• **Exercise requirements**:
Please restate word for word, and with nothing added, the lines that run from the one holding "Адажио® 10 мг (2)" to the end of the entries below.

(Records excerpted from a collection)
..............................

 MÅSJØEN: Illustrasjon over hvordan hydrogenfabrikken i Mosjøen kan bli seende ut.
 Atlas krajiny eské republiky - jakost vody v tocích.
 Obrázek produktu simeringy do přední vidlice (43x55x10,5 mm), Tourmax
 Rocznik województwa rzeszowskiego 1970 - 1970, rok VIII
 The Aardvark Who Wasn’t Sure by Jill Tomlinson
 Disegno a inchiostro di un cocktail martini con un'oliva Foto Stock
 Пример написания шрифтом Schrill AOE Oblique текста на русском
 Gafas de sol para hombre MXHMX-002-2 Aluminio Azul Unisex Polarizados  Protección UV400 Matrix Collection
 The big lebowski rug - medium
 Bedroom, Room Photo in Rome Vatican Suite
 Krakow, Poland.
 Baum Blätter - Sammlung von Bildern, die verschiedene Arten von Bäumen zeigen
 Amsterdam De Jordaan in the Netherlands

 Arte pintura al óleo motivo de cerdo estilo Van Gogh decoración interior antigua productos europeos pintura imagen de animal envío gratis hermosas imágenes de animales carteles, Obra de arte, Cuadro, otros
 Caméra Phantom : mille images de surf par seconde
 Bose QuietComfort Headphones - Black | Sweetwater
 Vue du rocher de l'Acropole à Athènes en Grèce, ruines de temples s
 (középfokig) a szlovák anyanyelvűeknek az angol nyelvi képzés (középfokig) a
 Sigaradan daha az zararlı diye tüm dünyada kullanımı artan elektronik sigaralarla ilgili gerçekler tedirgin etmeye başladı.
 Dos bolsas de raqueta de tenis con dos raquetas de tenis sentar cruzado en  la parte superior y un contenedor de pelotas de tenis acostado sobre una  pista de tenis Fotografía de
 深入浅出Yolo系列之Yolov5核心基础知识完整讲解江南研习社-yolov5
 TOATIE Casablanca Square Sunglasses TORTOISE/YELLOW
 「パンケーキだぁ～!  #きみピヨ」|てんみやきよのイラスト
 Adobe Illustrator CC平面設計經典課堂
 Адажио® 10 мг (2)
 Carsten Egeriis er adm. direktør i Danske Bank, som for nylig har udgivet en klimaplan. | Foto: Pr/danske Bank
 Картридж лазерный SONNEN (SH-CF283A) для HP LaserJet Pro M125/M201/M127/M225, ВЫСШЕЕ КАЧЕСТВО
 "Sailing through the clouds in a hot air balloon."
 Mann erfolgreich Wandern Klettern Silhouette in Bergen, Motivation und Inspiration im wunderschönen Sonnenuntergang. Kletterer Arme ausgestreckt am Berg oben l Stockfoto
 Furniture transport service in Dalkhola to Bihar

..............................

• **Response area**:
 Адажио® 10 мг (2)
 Carsten Egeriis er adm. direktør i Danske Bank, som for nylig har udgivet en klimaplan. | Foto: Pr/danske Bank
 Картридж лазерный SONNEN (SH-CF283A) для HP LaserJet Pro M125/M201/M127/M225, ВЫСШЕЕ КАЧЕСТВО
 "Sailing through the clouds in a hot air balloon."
 Mann erfolgreich Wandern Klettern Silhouette in Bergen, Motivation und Inspiration im wunderschönen Sonnenuntergang. Kletterer Arme ausgestreckt am Berg oben l Stockfoto
 Furniture transport service in Dalkhola to Bihar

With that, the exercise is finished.